In January, 13 states issued subpoenas to four for-profit colleges, including Corinthian, over concerns about possible misrepresentations to students about financing, recruitment practices and graduates’ employment rates.

Also in January, Coakley’s office in Massachusetts held hearings on proposed regulations for for-profit colleges and occupational schools. The rules would require schools to disclose accurate information about tuition and fees along with placement statistics and graduation rates; prohibit them from using high-pressure sales tactics such as repeated phone calls and text messages; and bar them from calling recruitment personnel “counselors” or “advisers.”

In February, the new federal Consumer Financial Protection Bureau, created by the 2010 Dodd-Frank Act, filed suit against another for-profit college chain, ITT Educational Services, which operates about 150 institutions in nearly 40 states, alleging predatory student lending. The lawsuit was the bureau’s first public enforcement action against a for-profit college.

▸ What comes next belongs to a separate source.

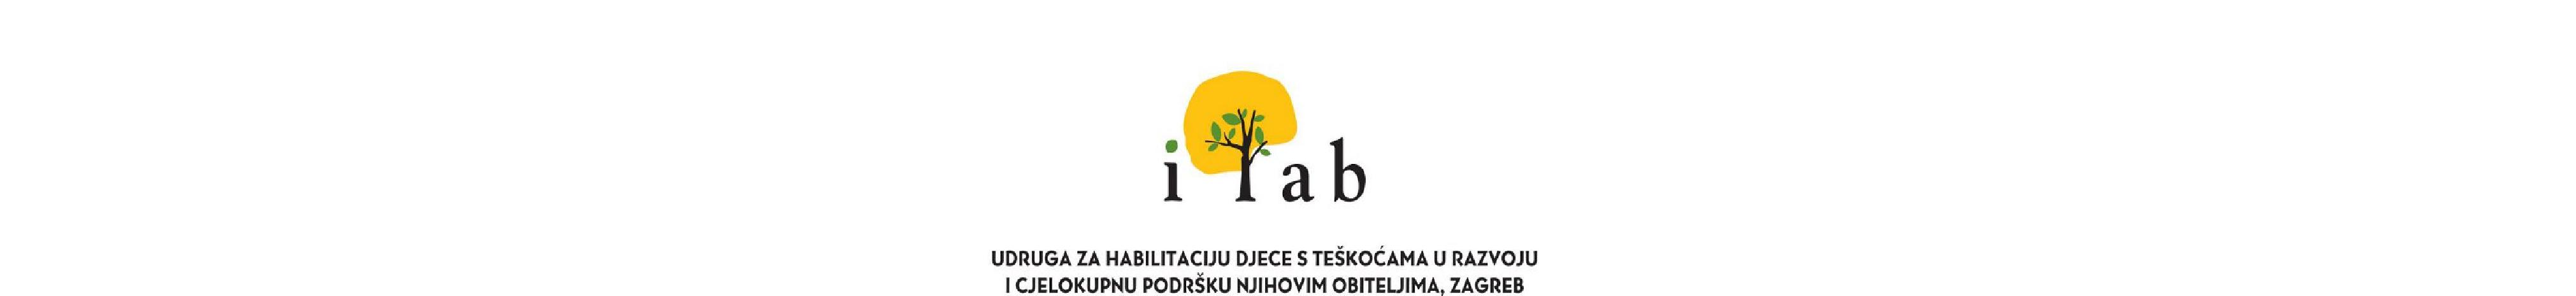 Udruga iLab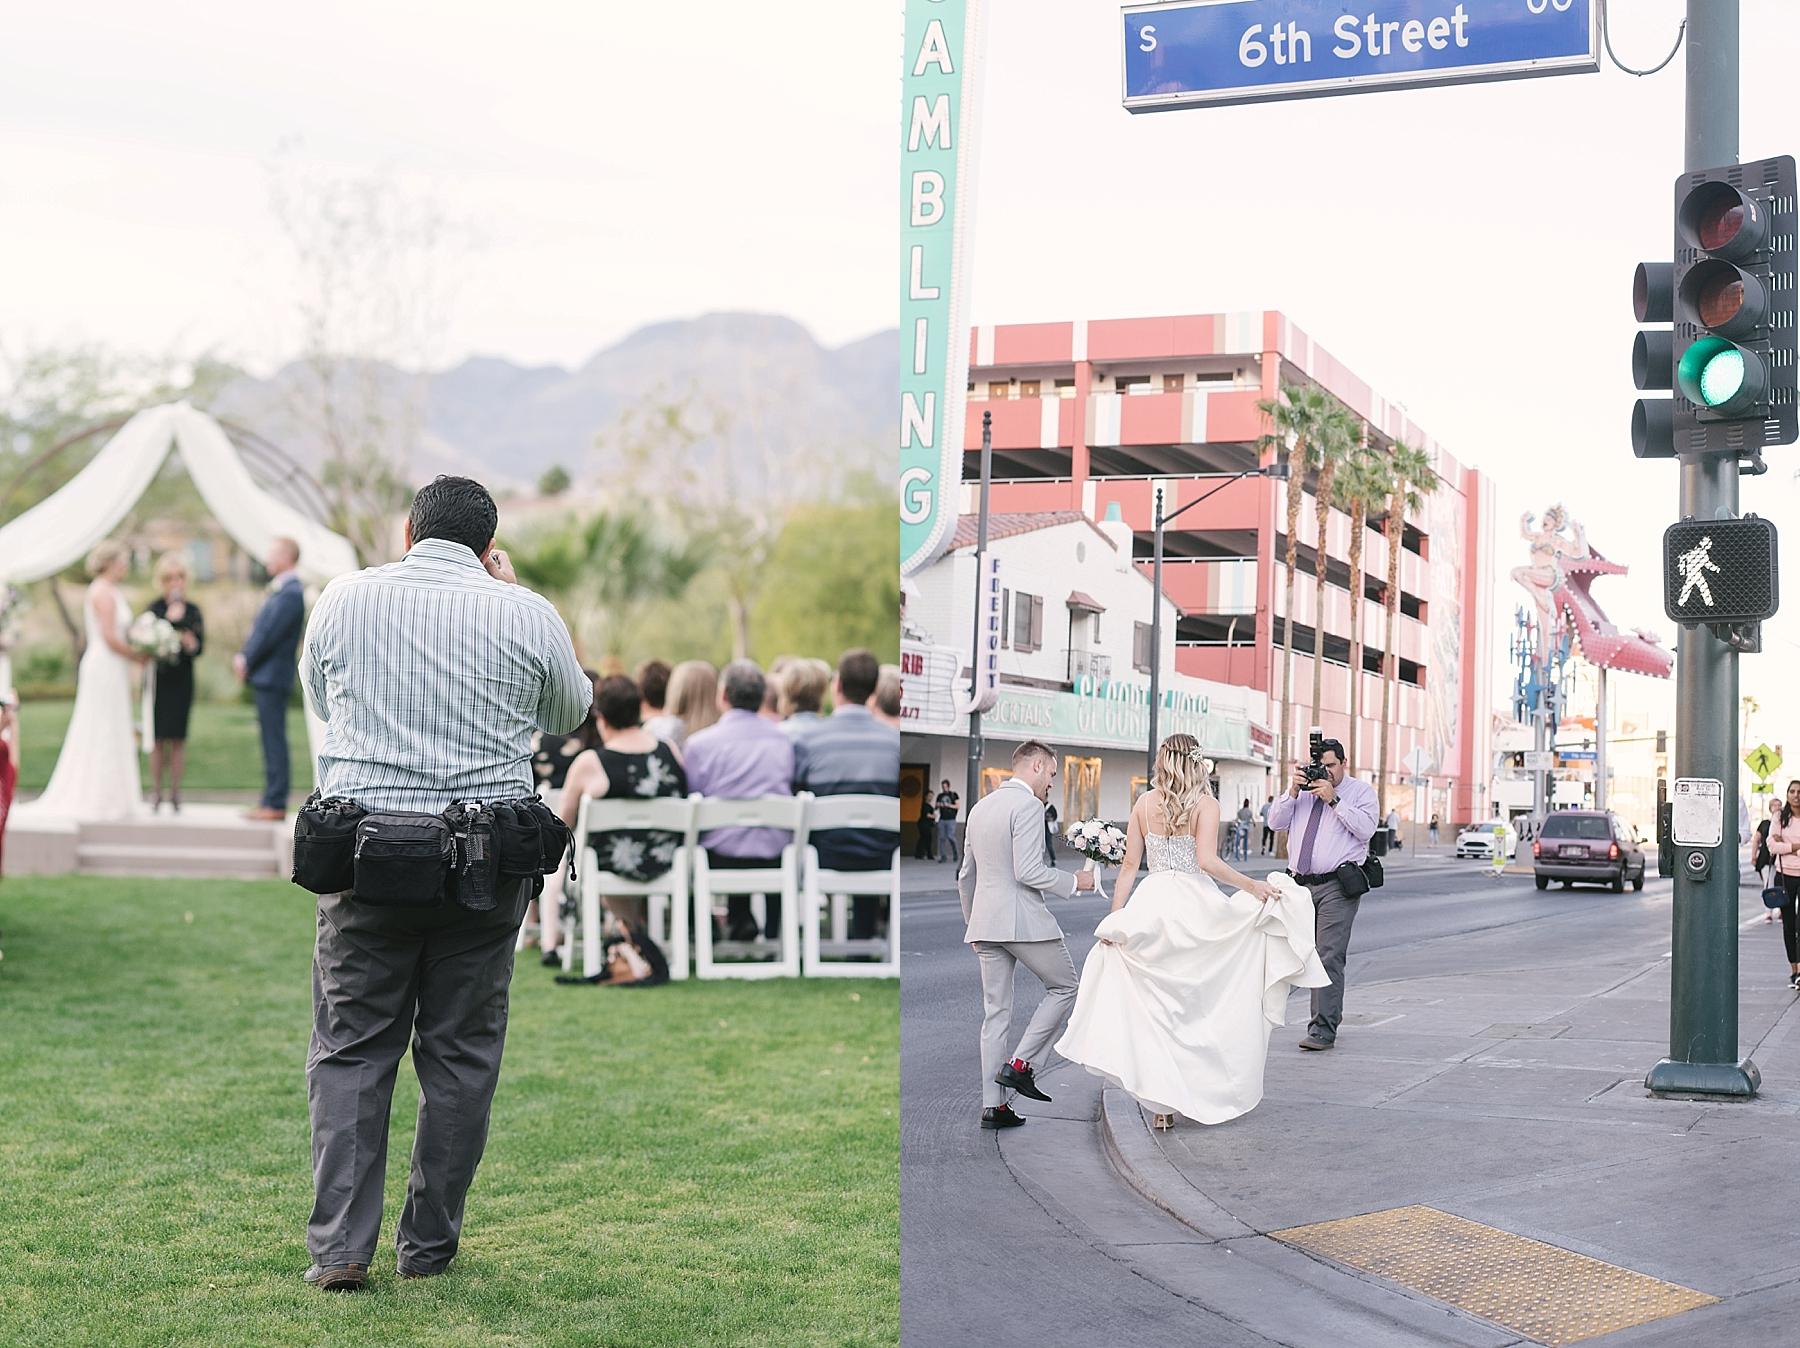 las_vegas_wedding_photographers_behind_the_scenes-02-3.jpg

And last year, New York Attorney General Eric Schneiderman won a $10.25 million settlement with the for-profit Career Education Corporation over inflated job placement rates.

Previously, Conway led an effort involving attorneys general in 20 states, which resulted in a $2.5 million settlement in 2012 with QuinStreet, which operated a website, www.GIBill.com, that aimed to recruit veterans to attend for-profit colleges. The states alleged the website gave the false impression that it was affiliated with the federal government. QuinStreet settled, but denied wrongdoing. Under the settlement, the domain name was transferred to the U.S. Department of Veterans Affairs.

At the federal level, U.S. Sen. Dick Durbin of Illinois and Sen. Tom Harkin of Iowa, both Democrats, introduced legislation earlier this month designed to improve coordination among federal agencies overseeing for-profit colleges. Their proposal would establish a committee with representatives from federal entities including the Department of Education, Department of Justice, Securities and Exchange Commission and CFPB.

Student loan debt is now the largest form of consumer debt outside of mortgages, eclipsing car loans and credit cards, according to the Federal Reserve Bank of New York. Nationwide, about 38 million people owe nearly $1.2 trillion in student loans, more than double from $550 billion in late 2007. Of those, 7 million borrowers are in default.

Private student loans often lack the consumer protections of federal or federally-backed loans, such as flexible repayment plans and unemployment deferments, which means students can be left with overwhelming debt and, in some cases, little education to show for it. According to the Department of Education, 72 percent of for-profit college programs produced graduates who earned less, on average, than high school dropouts, compared to 32 percent of public non-profit programs.

In some cases, for-profit colleges provide subprime loans to students who are unlikely to be able to repay the debt. While students at for-profit colleges make up 13 percent of college students, they account for 31 percent of student loans and about half of loan defaults.

“Unfortunately, for many of these borrowers, they are unable to complete their educations or the school closes and they are left with no jobs and a mountain of debt that bankruptcy experts tell us is almost impossible to discharge,” Conway said in 2012 congressional testimony.